History of Gain-of-Functon Research on SARS viruses

2002

Outbreak of SARS (today called SARS-CoV-1)

Sources

2006

Incorporation of a furin cleavage site into the spike protein of SARS-CoV-1. (University of Montana, USA). A furin cleavage site is also present in SARS-CoV-2. It is now proven that this enables the virus to penetrate host cells particularly efficiently.

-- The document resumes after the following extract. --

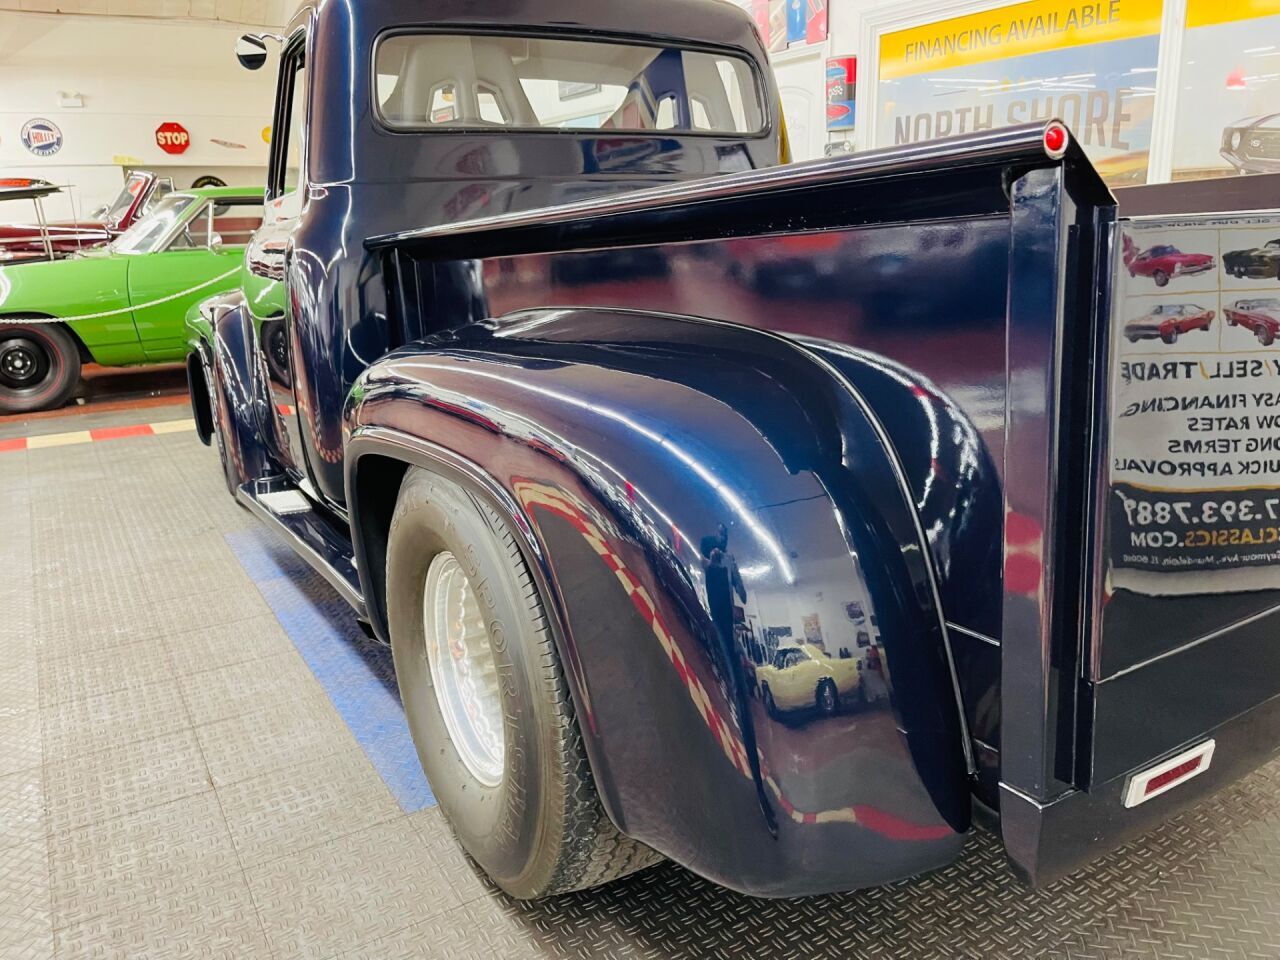 1953 Ford F-100 25

A furin cleavage site is extremely unusual in this virus group (sarbecoviruses of the β-coronaviruses).

2008

Creation of Spike protein chimeras: Spike sequences of SARS-CoV-1 were transferred into other SARS viruses (Wuhan Institute for Virology, China).

2013

Collection of SARS viruses from bat caves in China: SARS viruses that can bind to the human ACE2 receptor were sought (collaboration of EcoHealthAlliance, USA, Wuhan Institute for Virology, China, and others).

2014

Initiation of a moratorium against gain-of-function research in the U.S. under Obama due to growing risk concerns (from October 2014 to December 2017). During this period, SARS virus research previously conducted in the U.S. was then outsourced to China, but continued to be co-funded by U.S. scientists with public money. After the moratorium ended, GoF research on SARS viruses could again be conducted in the United States.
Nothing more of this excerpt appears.